I met John when I was only 17 years old. He quickly took me under his wing and helped me amass a nice collection at an early age. I used to help him set up at the Shrine show in LA and also in San Diego (that worked out well for both of us as I got to learn from John for free and he got free labor out of me!). Driving from LA to SD with him, he made the trip seem like it only lasted five minutes as he always had something to tell me. He has told me so many stories and given me so much information over the past three decades I could fill a book. He was larger than life! He loved a good joke and really loved pulling “harmless” pranks! He was always in either business mode or fun mode. He really took pride in his children and would always tell me about their most recent accomplishments.
I really don't know what else to say right now. John only posted on the comic boards one time when our good friend Joe Smejkal passed away a few years ago. I can't believe I'm posting about his passing now.

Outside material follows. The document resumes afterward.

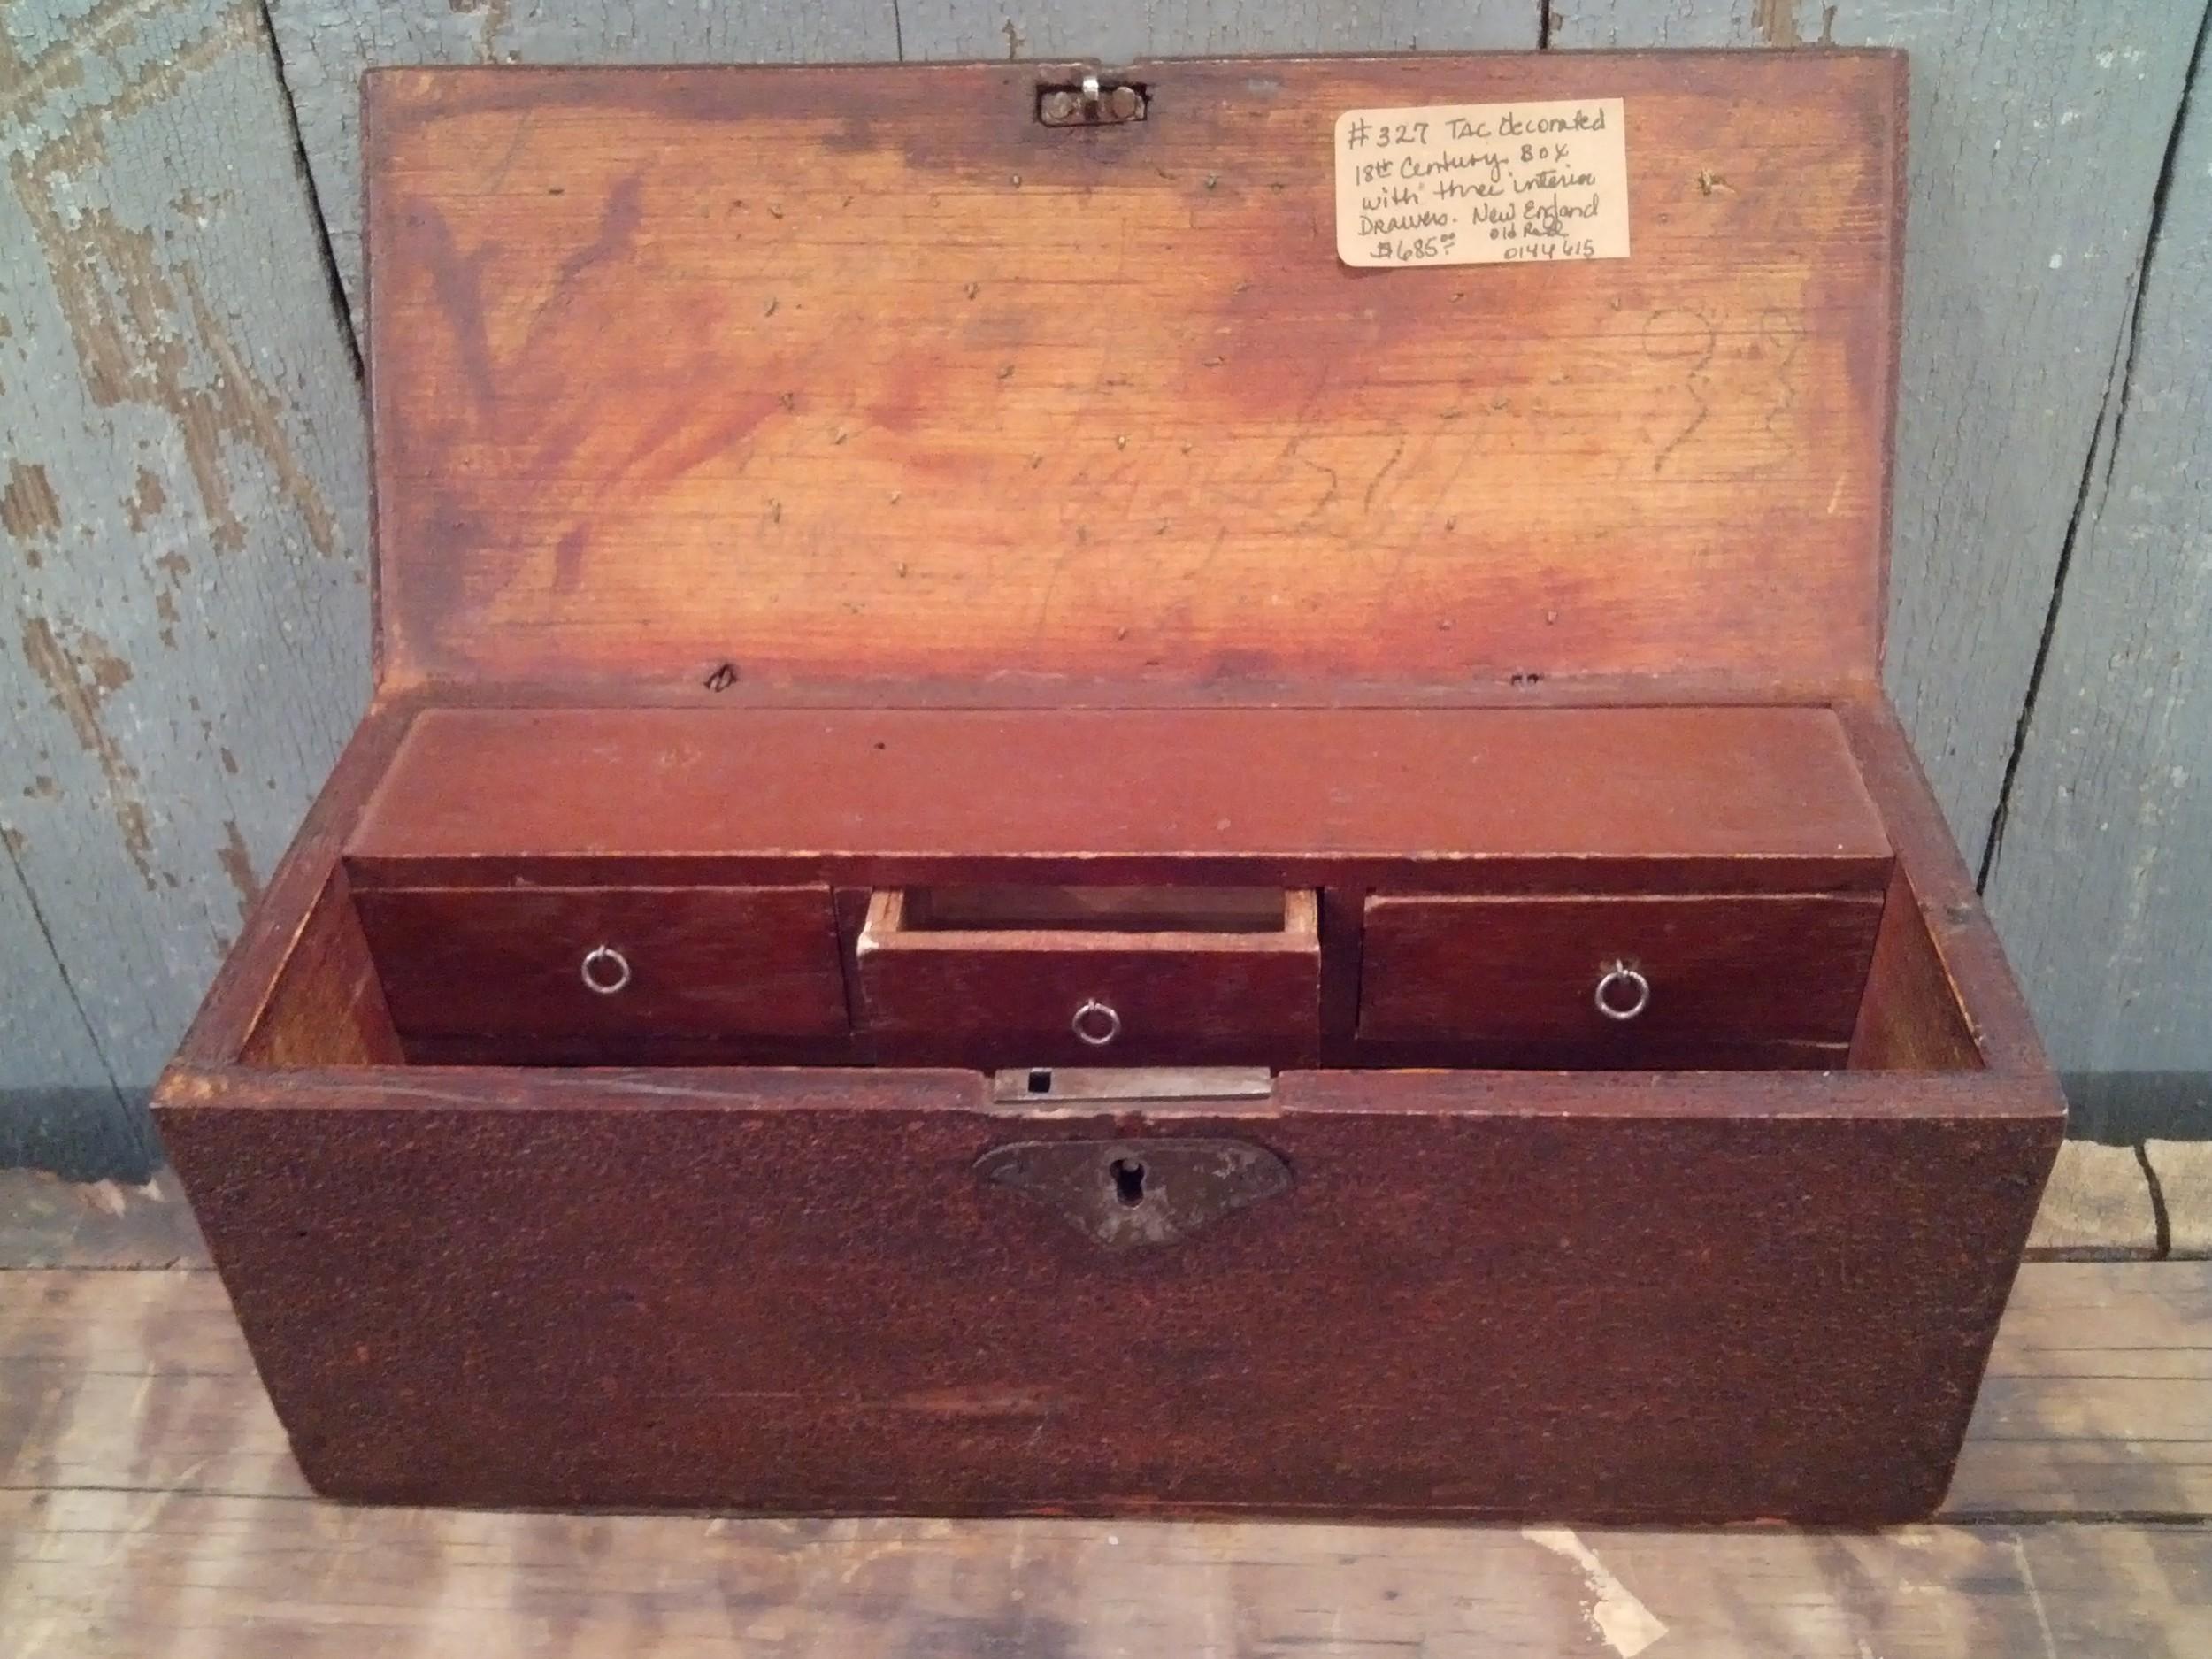 Document box inside

I’d known John for over 20 years. Beyond his photographic memory, encyclopedic knowledge of comics and ability to calculate a complex mathematical equation in his head in an almost Rain Man-like fashion, John was a really funny and sweet guy. Always laughing and with a smile on his face, John had a way of making you feel welcome and part of the gang even if he barely knew you. Since I learned of his passing, I’ve woken up and gone to sleep thinking about it. In the middle of the day I will stop and realize that one of the smartest minds in comics is gone, but hopefully not in spirit. It behooves us all to pick up the mantle John left behind. One of inclusion, one of teacher and student, one of fun and fascination, and of kindness. These are the qualities John had that made him so special. We’ve lost a very special person and this year’s Chicago Wizard World Con where I set up right across from John will not be the same without him there. Rest in peace, John.